This is how the World Bank described the impact of import substitution in its latest economic report on Russia.
Manufacturing industries took advantage of the sharp ruble depreciation and import contraction in the first half of 2014. It appears that manufacturing industries reacted positively to changes in relative prices, reporting an acceleration of economic activities in the second quarter.
Capacity utilization rates inched up. The positive impulse to manufacturing production from import substitution appeared to have been carried over into the third quarter.

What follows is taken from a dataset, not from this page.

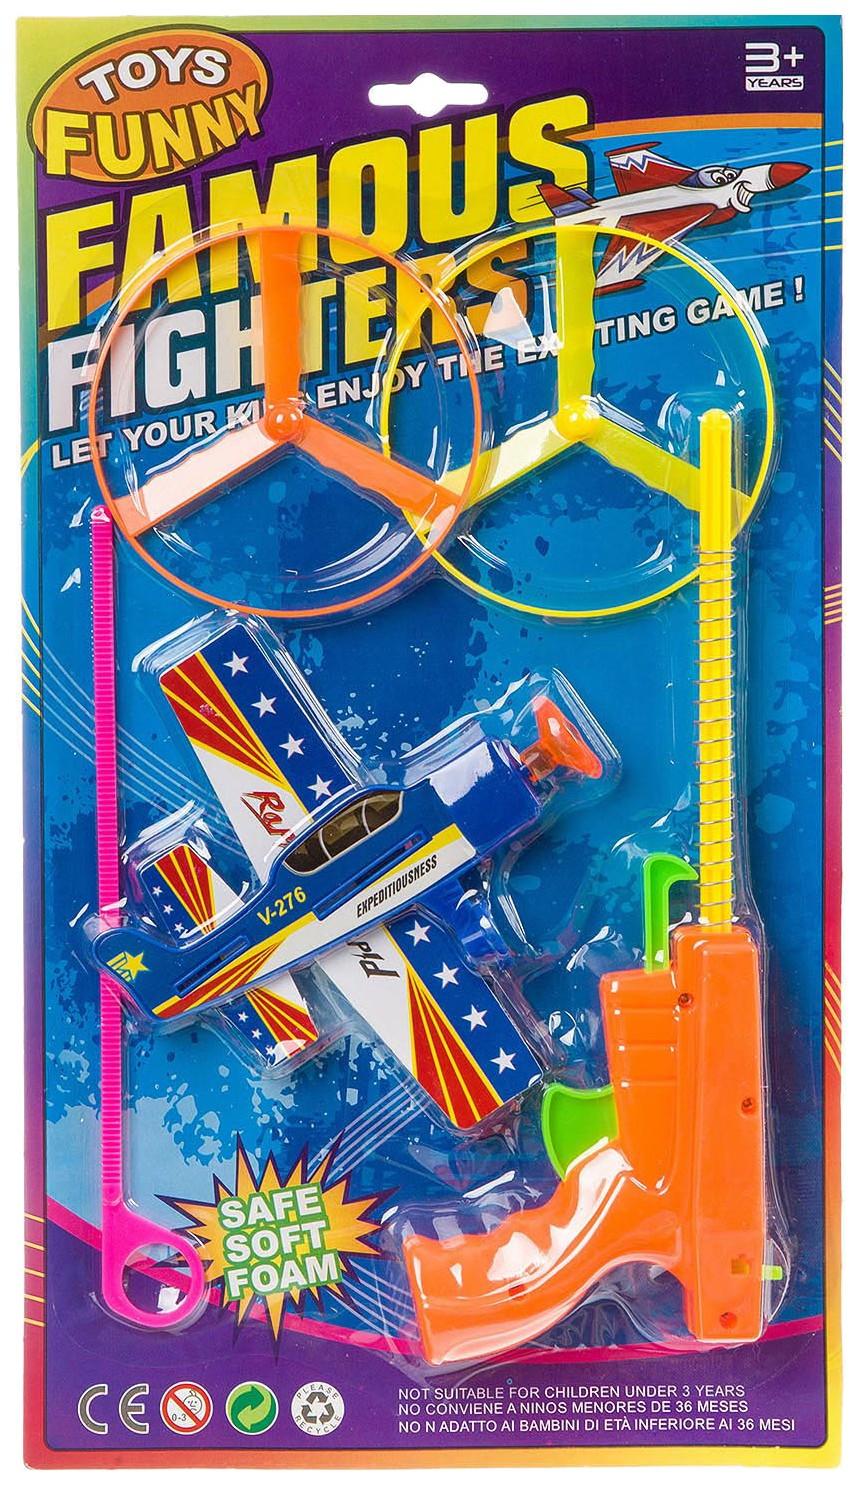 Купить Игрушка пистолет с запускн. самолётиком, CRD, 2 вида, арт. 5887., Shenzhen Toys, Воздушный транспорт

However, experts warn that Russian manufacturing firms might soon face capacity constraints, as the key advantage that manufacturing industries received came through depreciation window, which closed in the third quarter of this year as the ruble stabilized around its medium-term equilibrium. The bank also stresses that firms continue facing a tight labor market, and as a result, import substituting firms will face increasing cost pressures and thus may choose to lift prices rather than production.

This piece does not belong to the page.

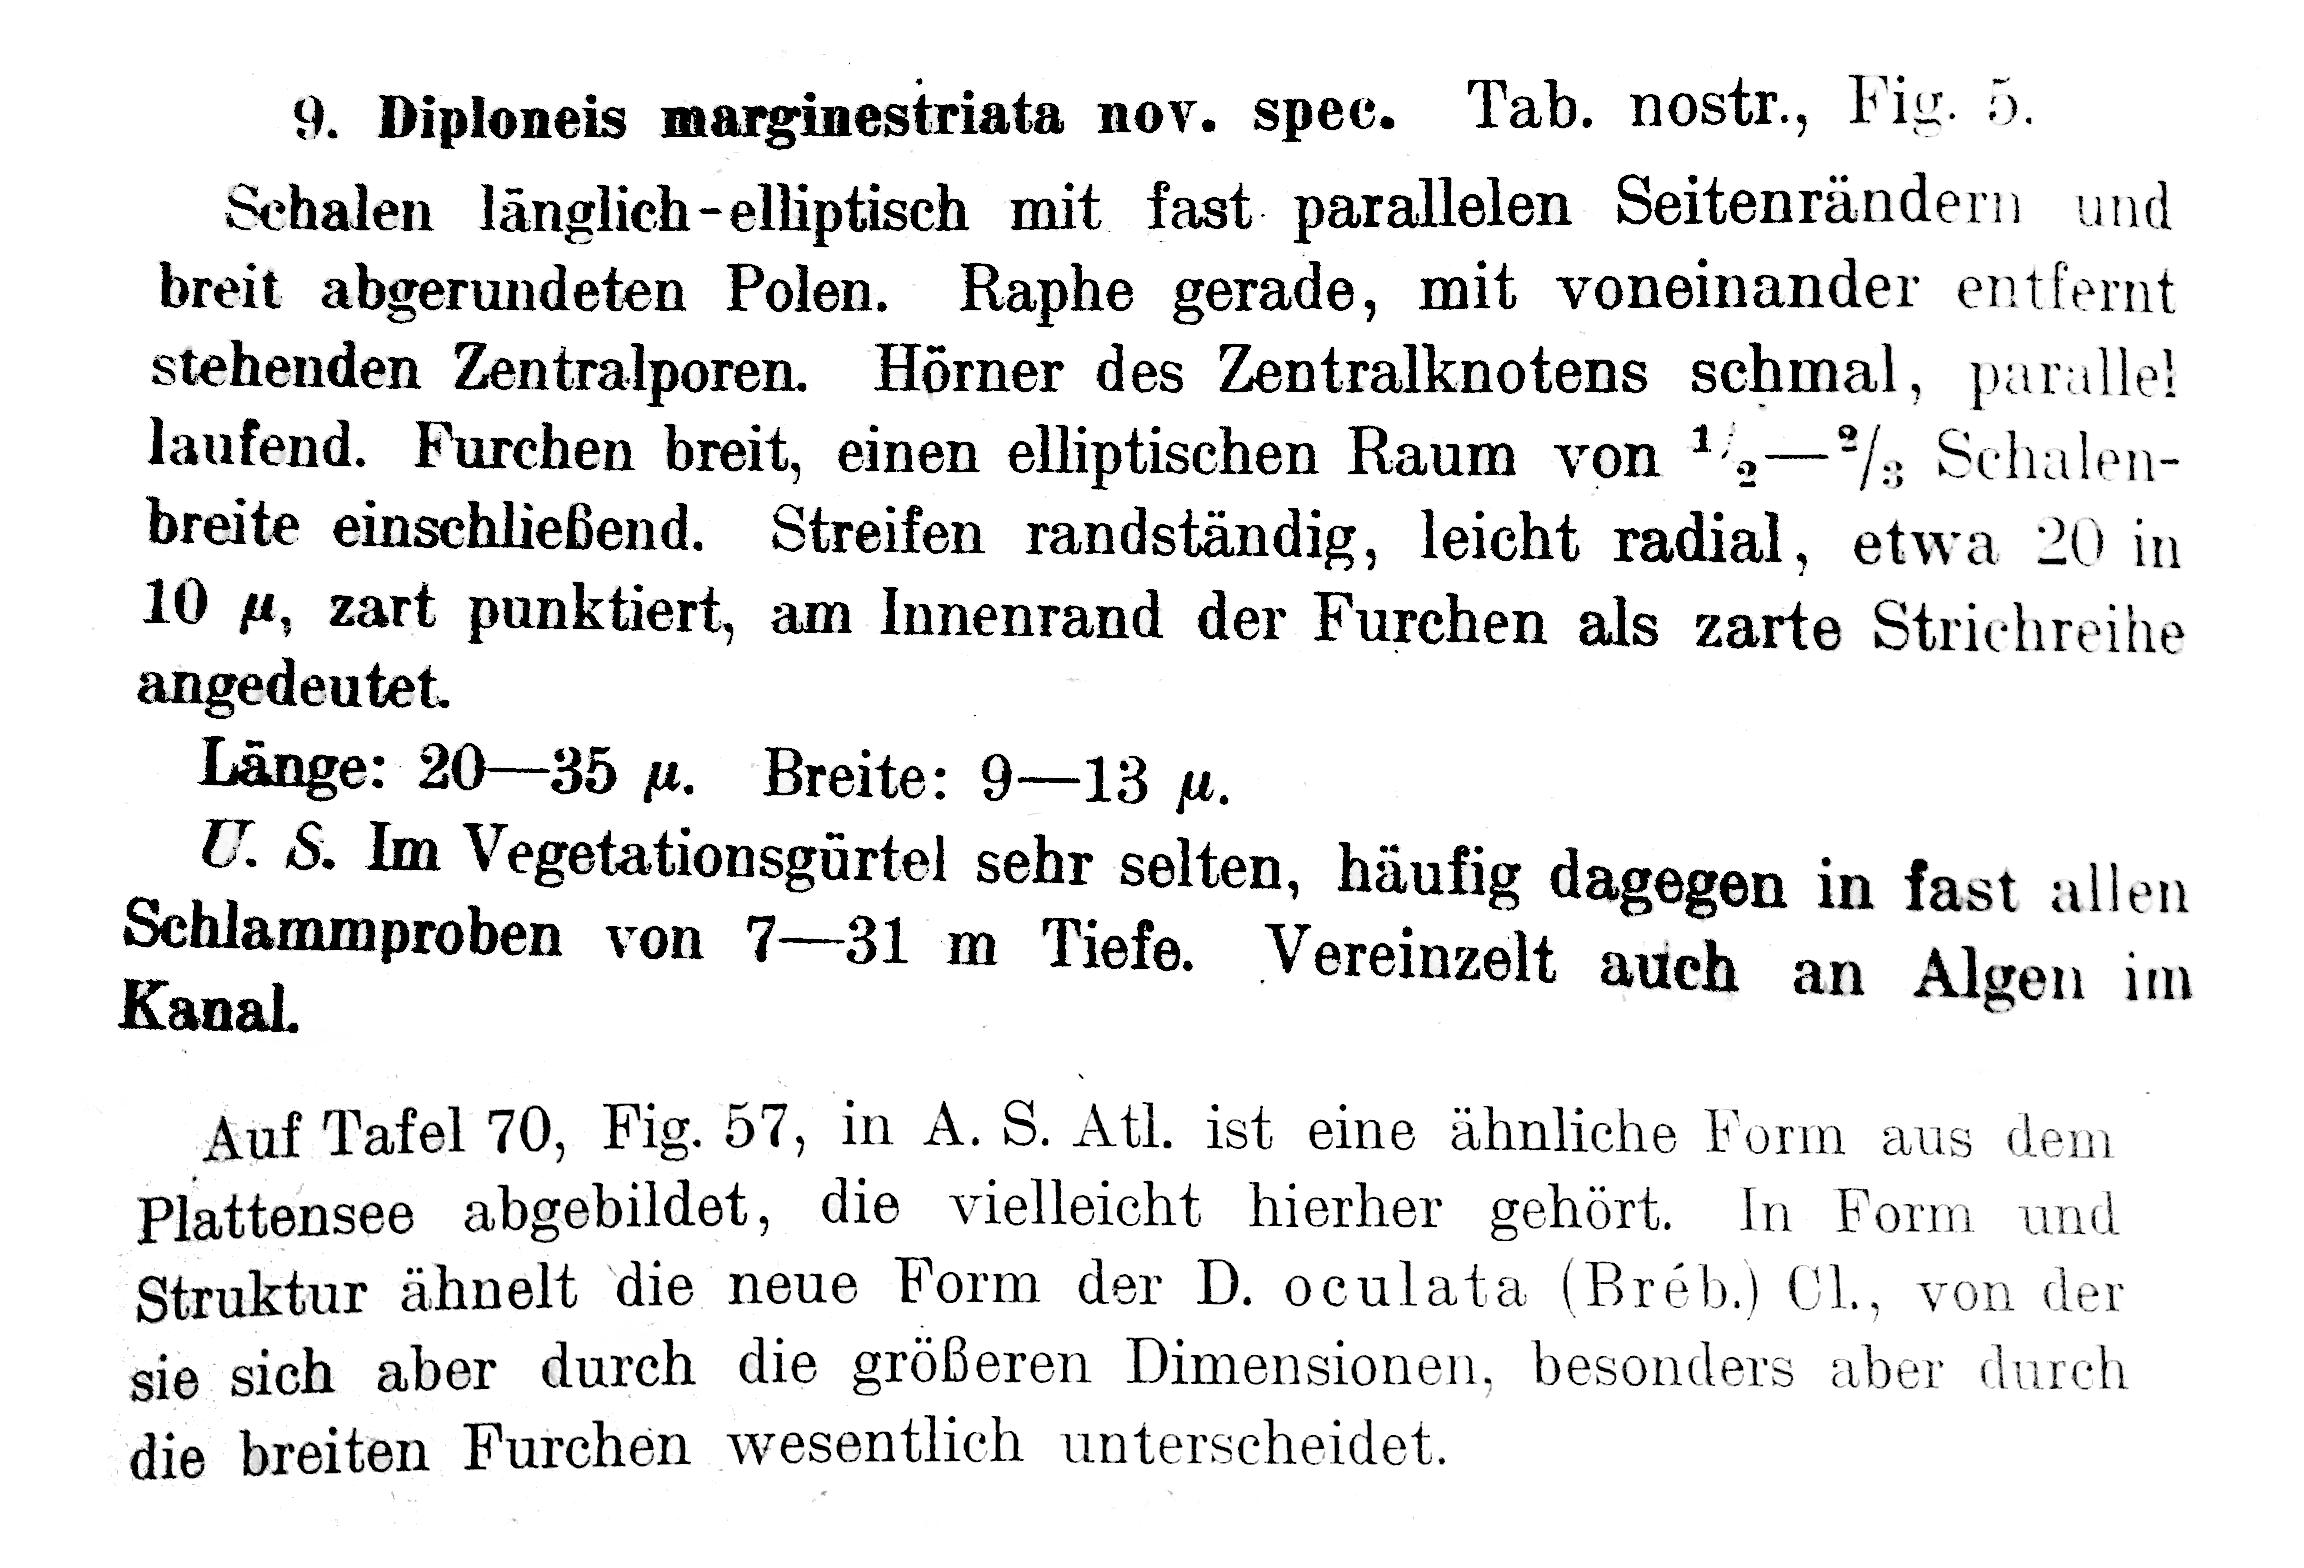 Diploneis Marginestriata  Hustedt 1922

For their part, private manufacturers agree.
“Right now we’ve had a boost in sales due to the sanctions, but obviously if they continue there can be some other effects on the purchasing power of Russian citizens and things like that, then in the long run they will affect our business as well,” said Mikhail Nikolaev managing partner of family enterprise Nikolaev and Sons.
The World Bank says the positive impact of import substitution is likely to taper off in the second half of next year. And it’s exactly at this point of time when most analysts hope all sanctions will be lifted.